A classic example of orthogonalization in machine learning is the separation of model fitting and regularization. In this context, model fitting is the process of adjusting the model's weights to minimize the error on the training data, while regularization is a technique used to prevent overfitting by adding a penalty term to the loss function. By separating these two concerns, you can independently control the complexity of the model (using regularization) and its ability to fit the training data (using the model fitting process).
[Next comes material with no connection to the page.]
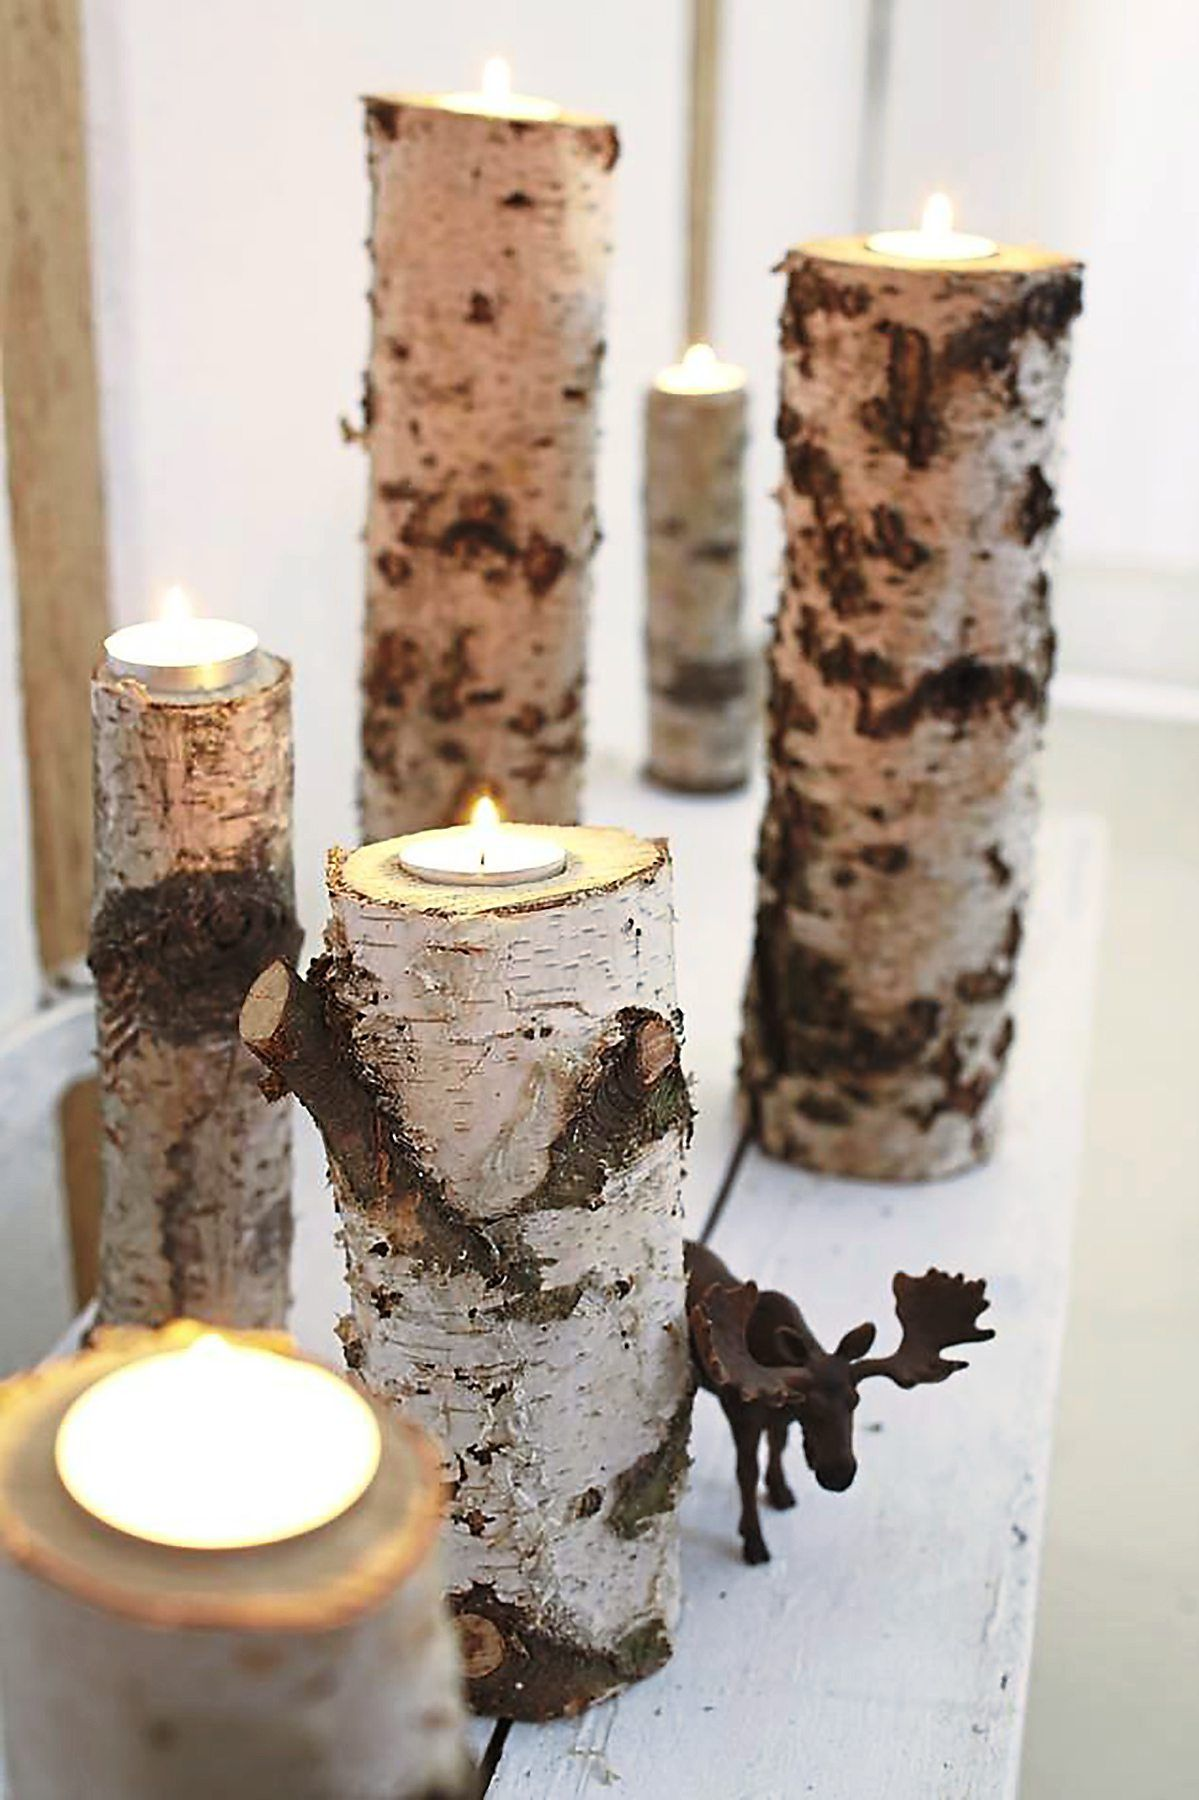 Birch trunks can easily be transformed into tea light holders. Photo: Bosch/DIY Acadamy/dpa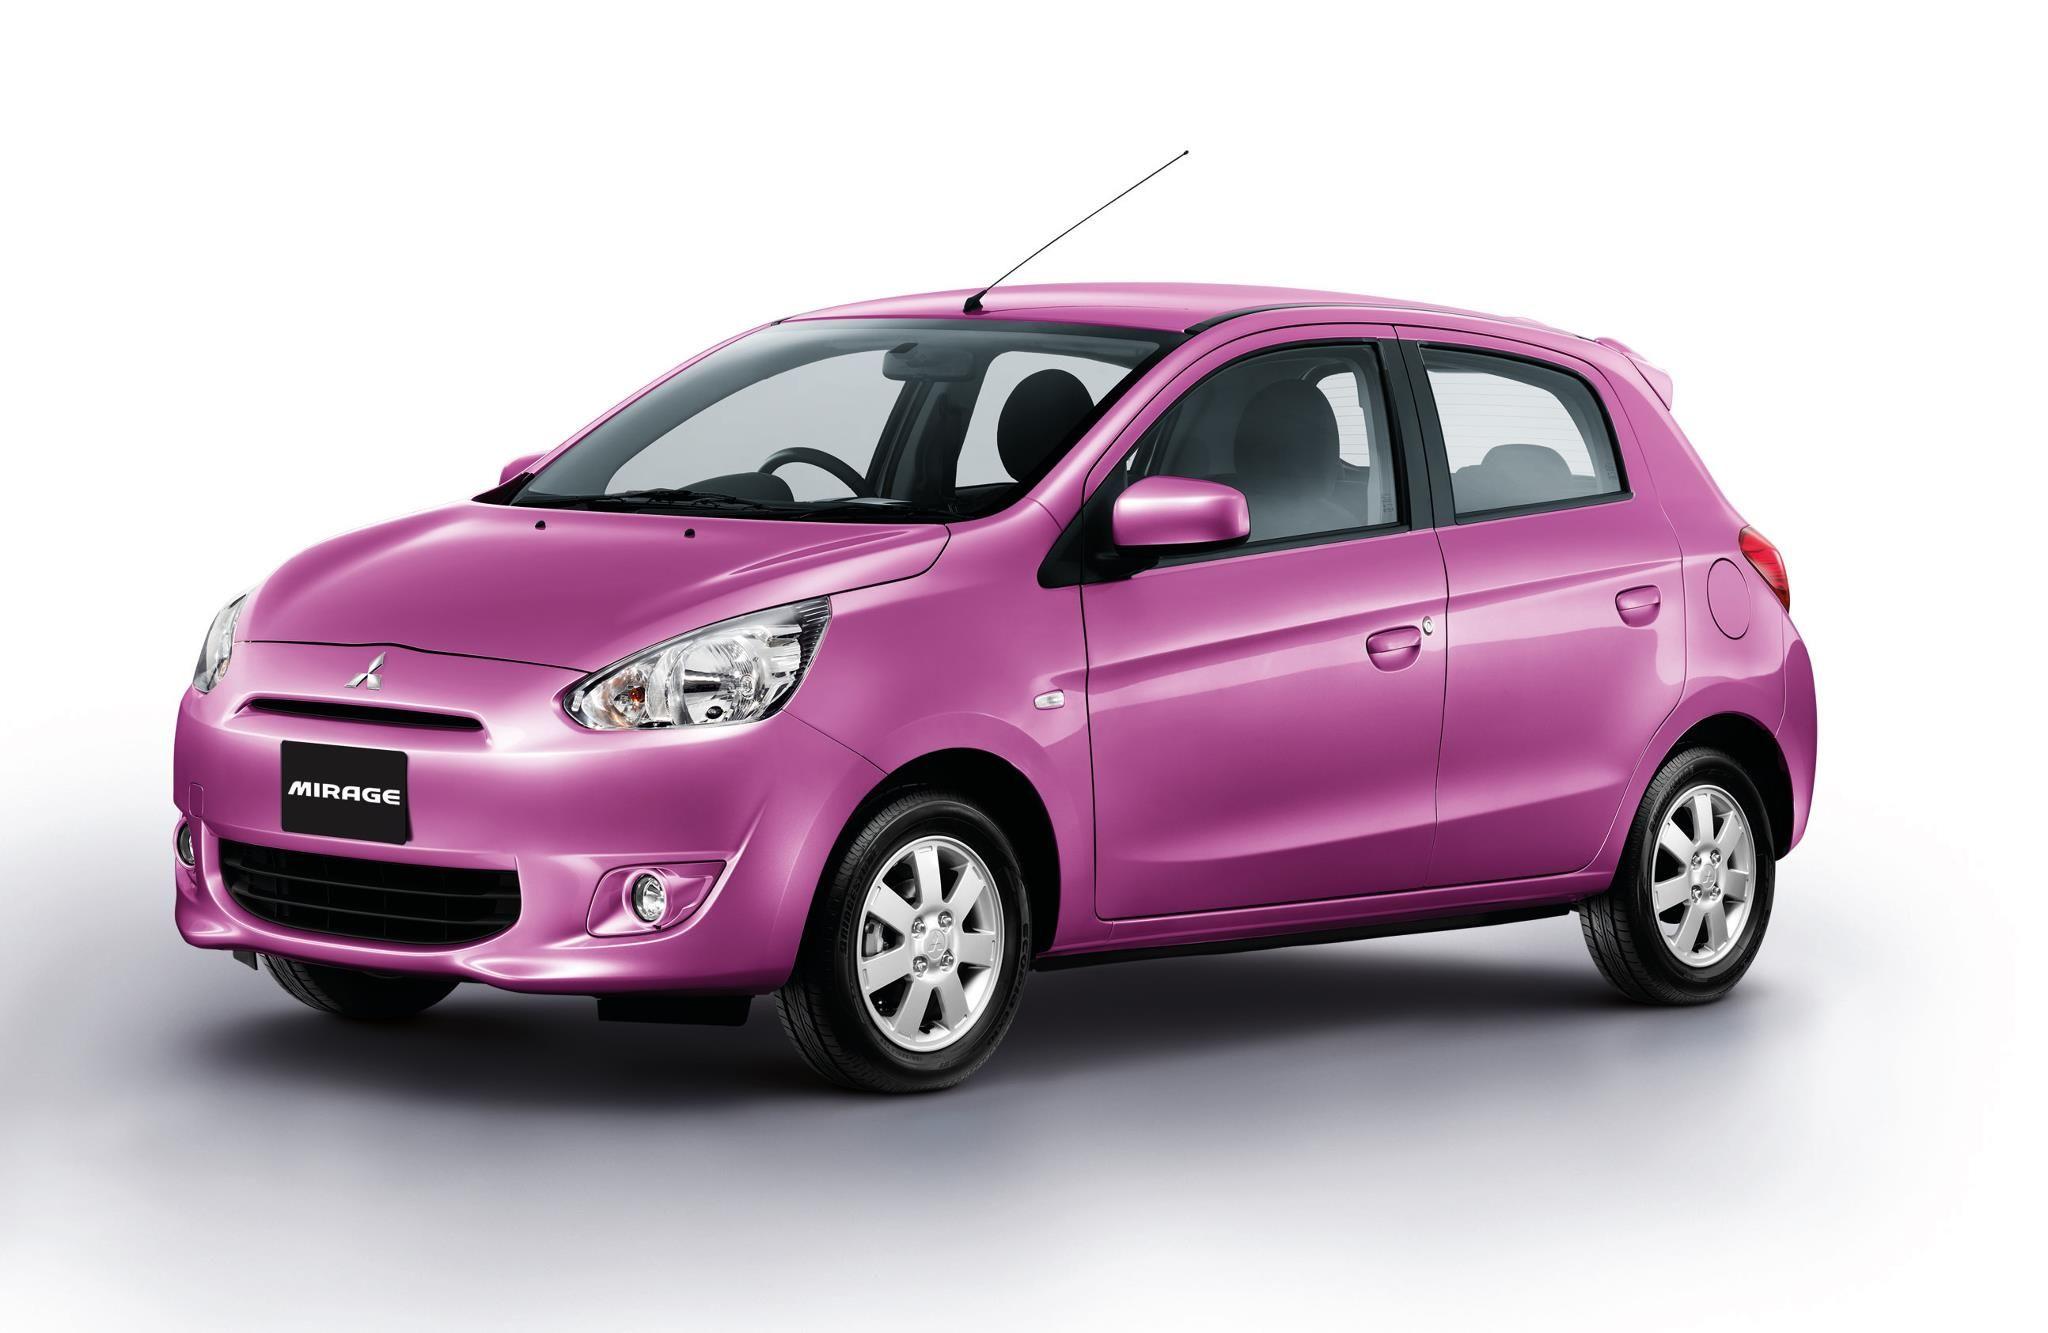 Mitsubishi Mirage Bloom Edition - Small Cars Wallpapers

In summary, orthogonalization in machine learning is the process of designing models or algorithms with separate, independent components or hyperparameters that control different aspects of the model's behavior. This makes it easier to optimize and tune the model, as each component can be adjusted independently without affecting the others.

## Chain of Assumptions in ML

- Fit training set well on cost function
  - Train bigger network
  - switch optimization
- Fit dev set well on cost function
  - Regularization
  - bigger training set
- Fit test set well on cost function
  - Bigger dev set (if not working)
- Performs well in real world
  - Change dev set, or cost function (if it does not do well)

## Precision and Recall
Precision and recall are two important metrics used in machine learning to evaluate the performance of classification models, especially in situations where there is an imbalance between the classes. Both metrics provide insights into the model's ability to correctly identify positive instances, but they focus on different aspects.

**Precision:**
Precision, also known as Positive Predictive Value (PPV), is the ratio of true positive instances (correctly identified positive instances) to the total number of instances predicted as positive by the model (both true positives and false positives). It measures the model's ability to correctly identify only the relevant instances as positive.

Precision = (True Positives) / (True Positives + False Positives)

A high precision indicates that the model is very accurate when it predicts a positive instance, but it does not necessarily mean that the model identifies all the positive instances.

**Recall:**
Recall, also known as Sensitivity or True Positive Rate (TPR), is the ratio of true positive instances (correctly identified positive instances) to the total number of actual positive instances (both true positives and false negatives). It measures the model's ability to identify all the relevant instances as positive.

Recall = (True Positives) / (True Positives + False Negatives)

A high recall indicates that the model is very good at identifying positive instances, but it does not necessarily mean that the model is precise when it predicts a positive instance.

In summary, precision measures the accuracy of the model when it predicts a positive instance, while recall measures the model's ability to identify all the positive instances. Depending on the specific problem and the desired trade-offs, one might choose to optimize for precision, recall, or a combination of both (such as the F1-score, which is the harmonic mean of precision and recall).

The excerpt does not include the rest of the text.